# Work order
Please retype the data below line for line and leave out every picture.

# Collected data

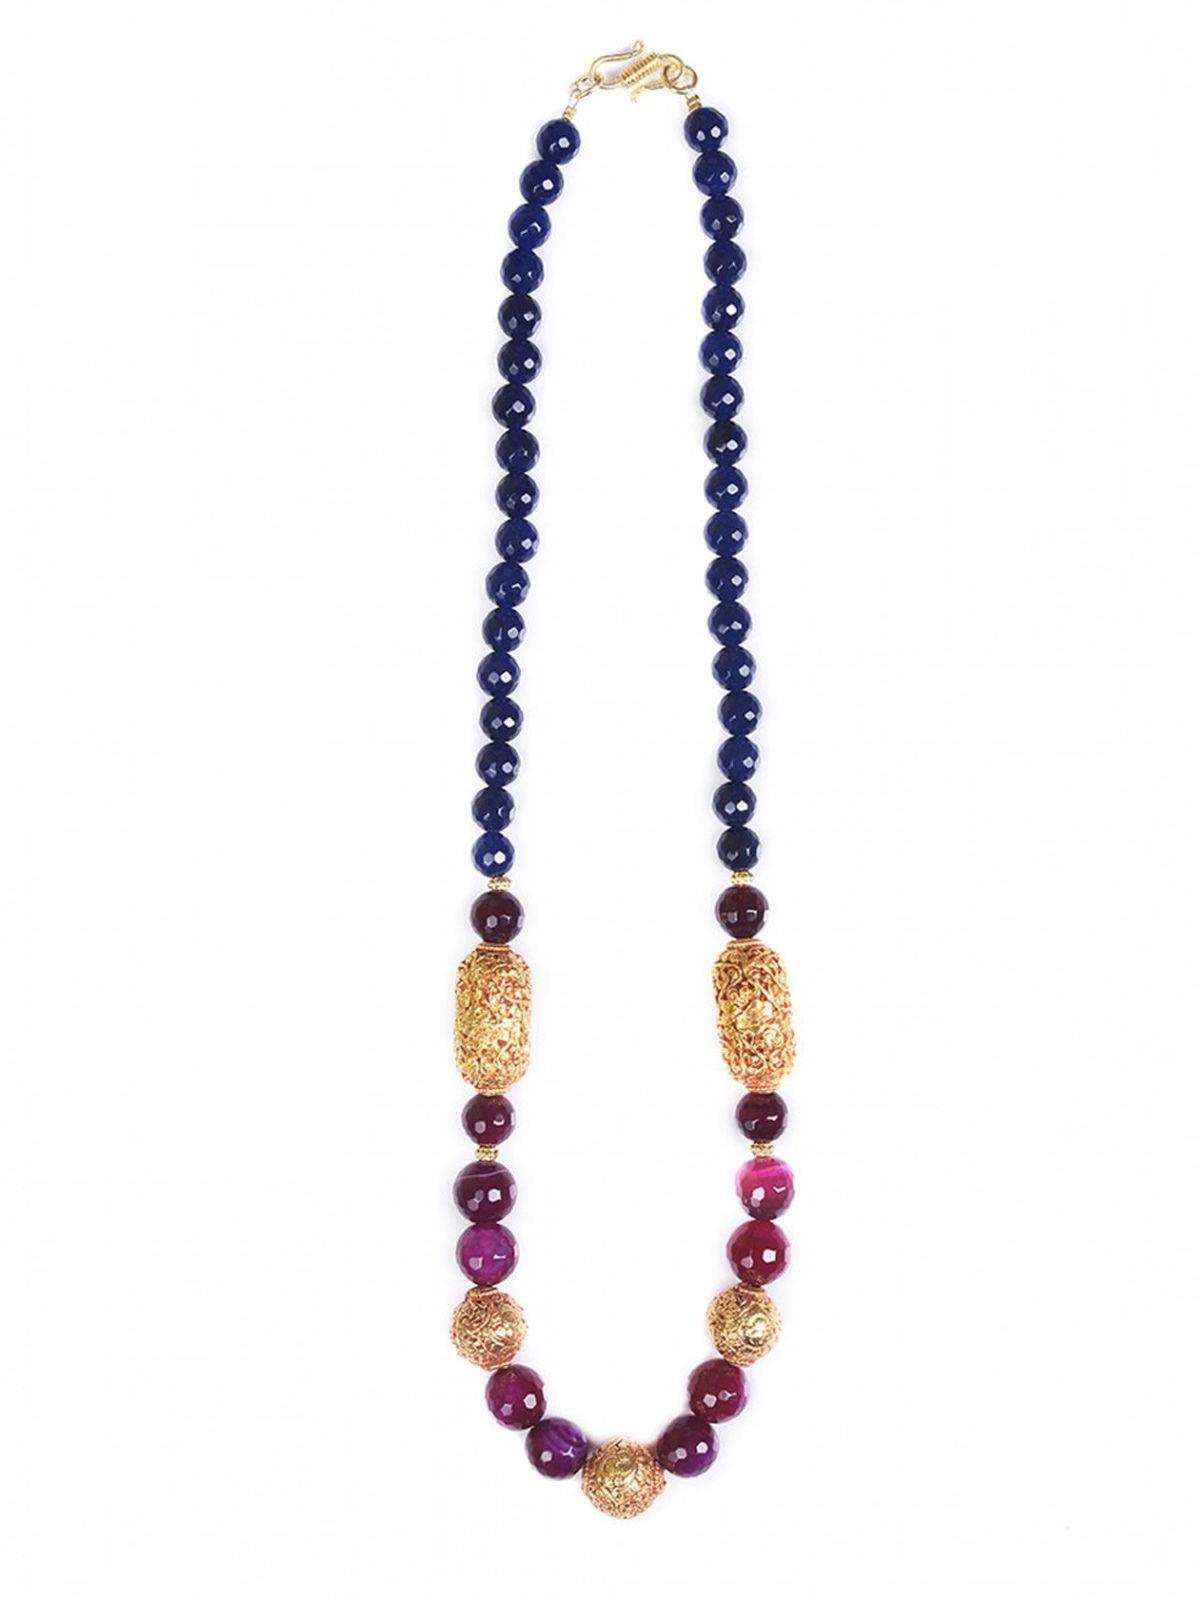 Aj Creations Burgandy-indigo necklace
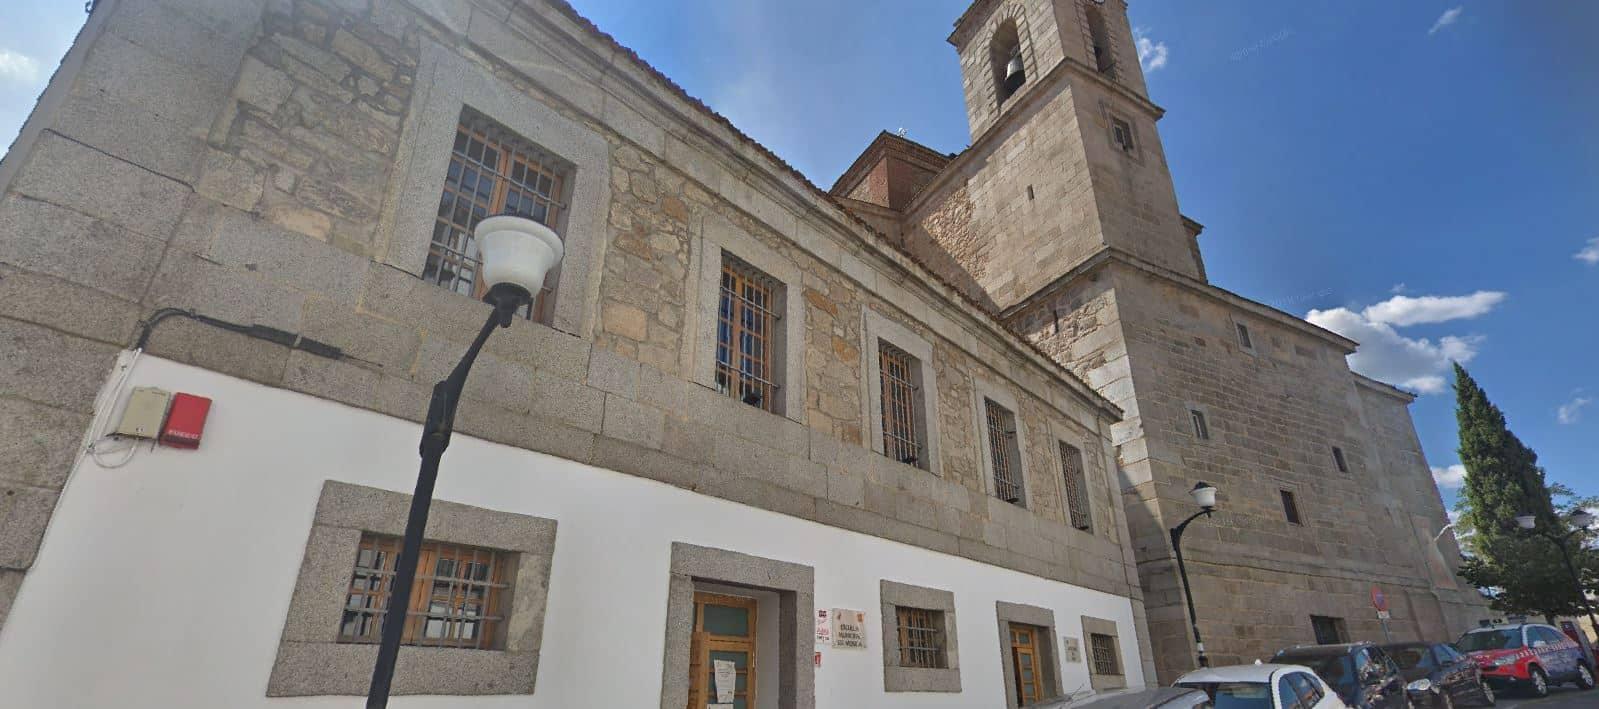 Certificado de defunción San Martín de Valdeiglesias
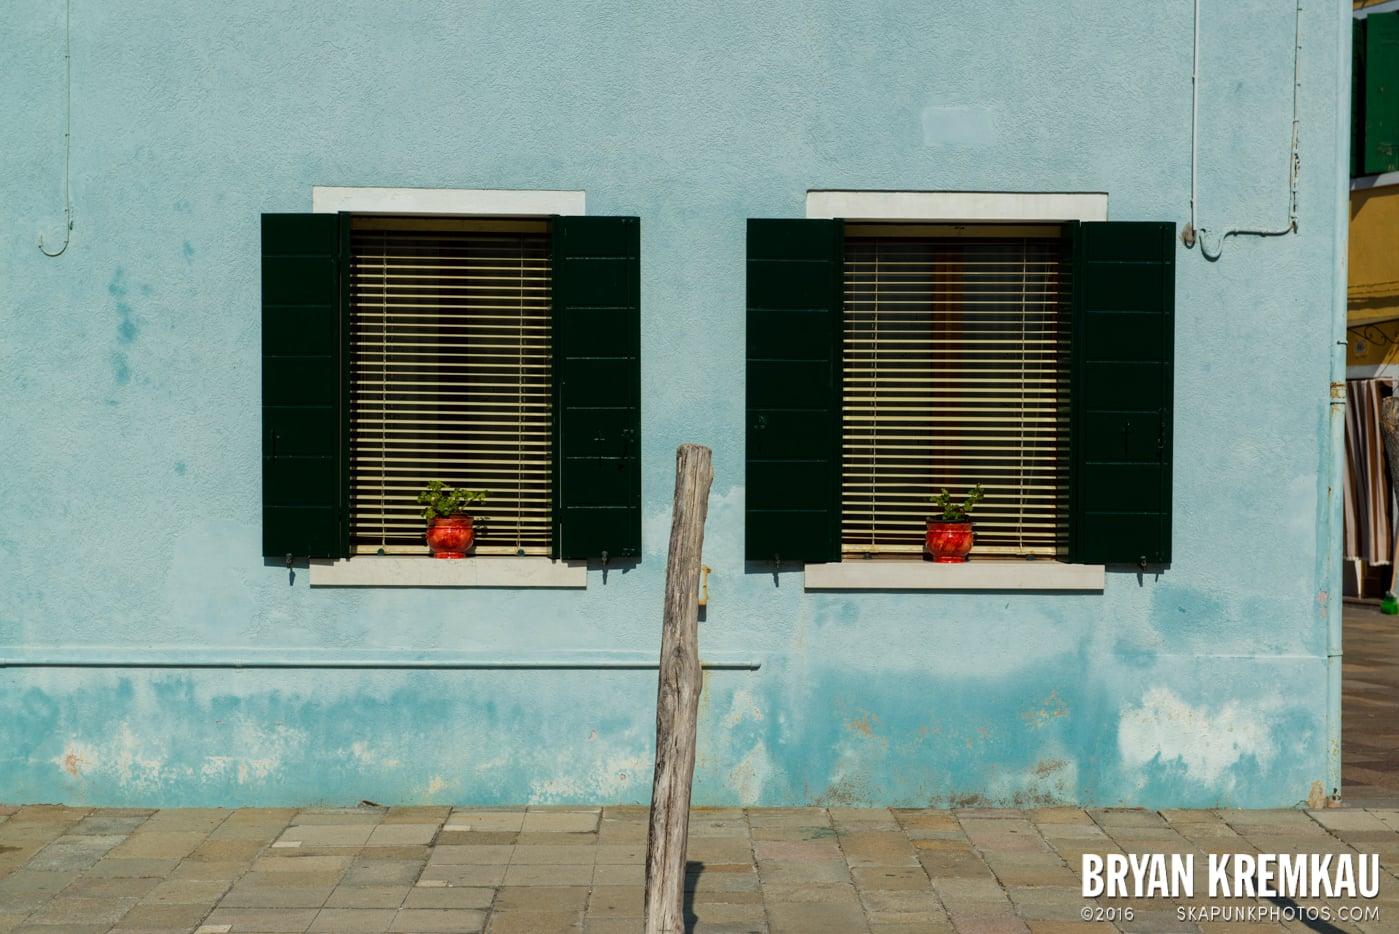 Italy Vacation - Day 6: Murano, Burano, Venice - 9.14.13 (22)
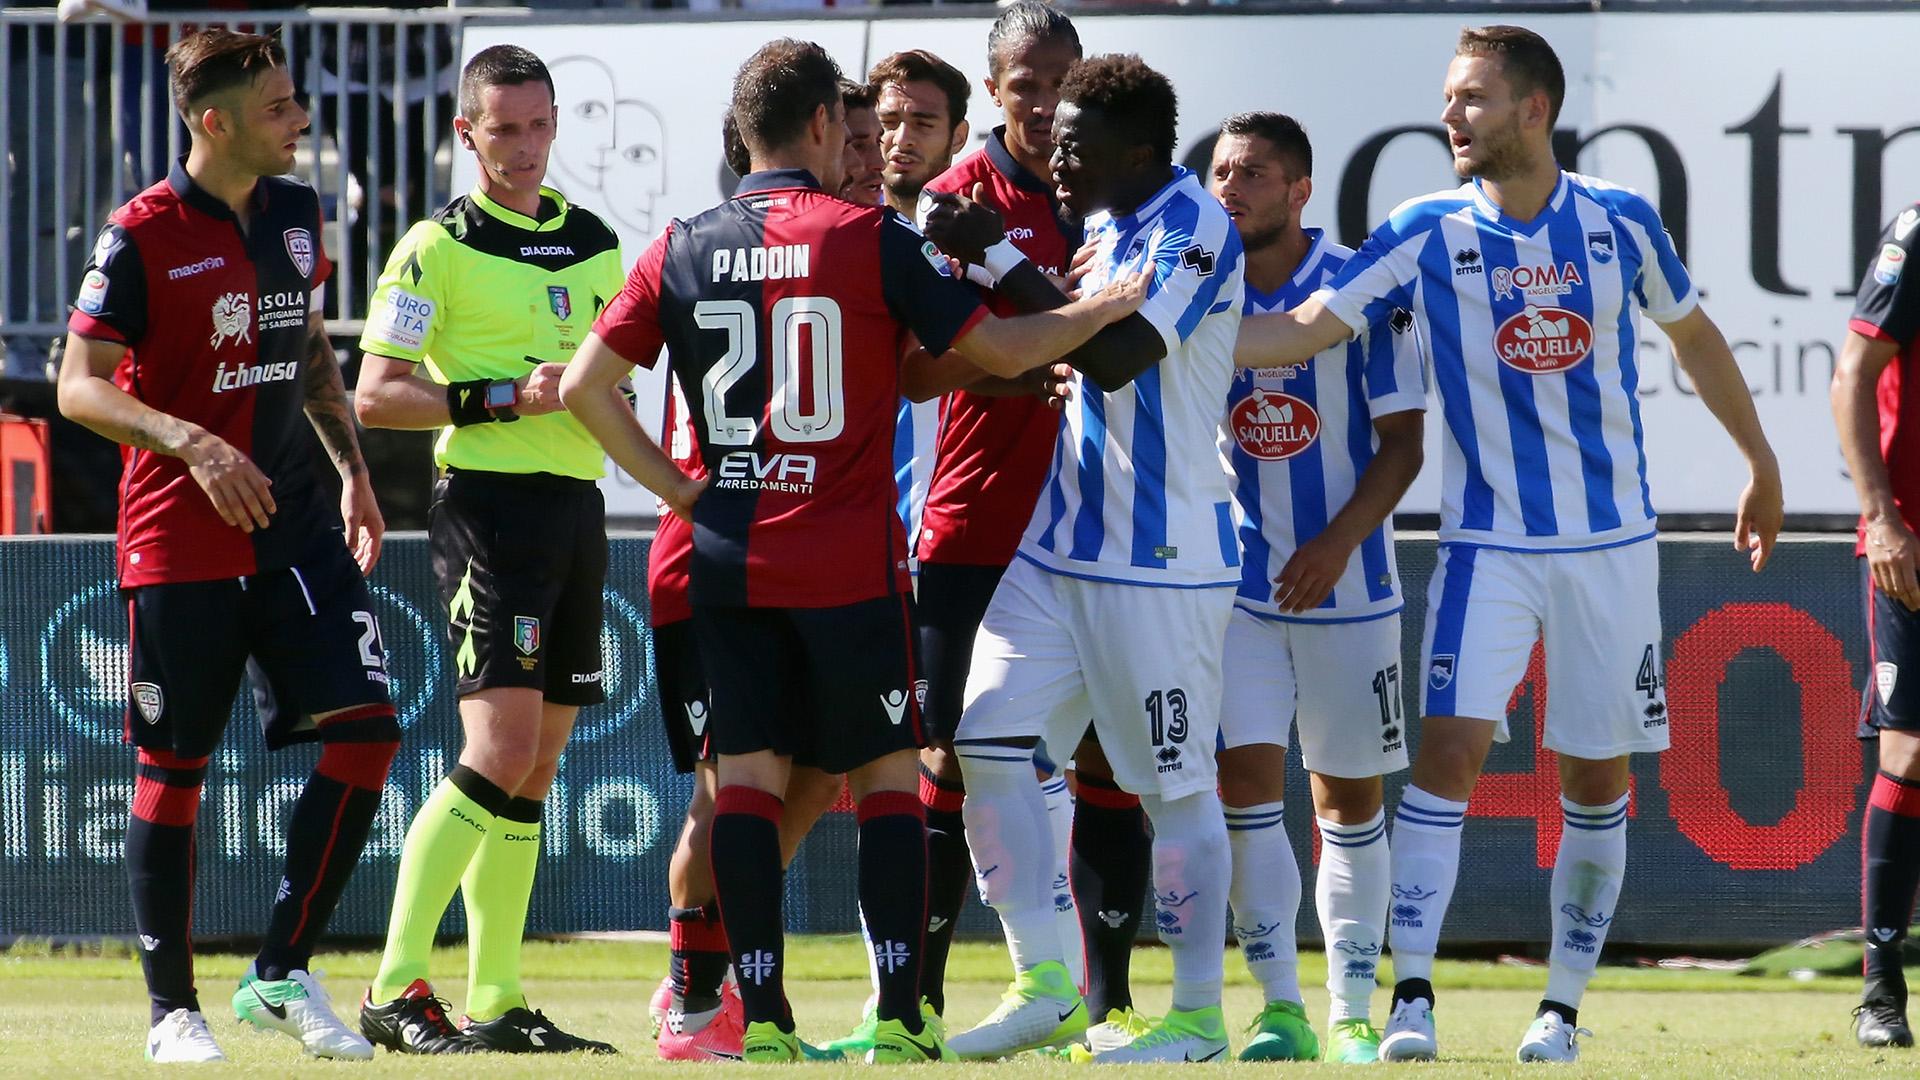 Il calcio italiano si arrende al razzismo: Muntari squalificato, pena sospesa per Inter (Koulibaly) e Lazio (Rudiger)

# Answer to the exercise
 Aj Creations Burgandy-indigo necklace
 Certificado de defunción San Martín de Valdeiglesias
 Italy Vacation - Day 6: Murano, Burano, Venice - 9.14.13 (22)
 Il calcio italiano si arrende al razzismo: Muntari squalificato, pena sospesa per Inter (Koulibaly) e Lazio (Rudiger)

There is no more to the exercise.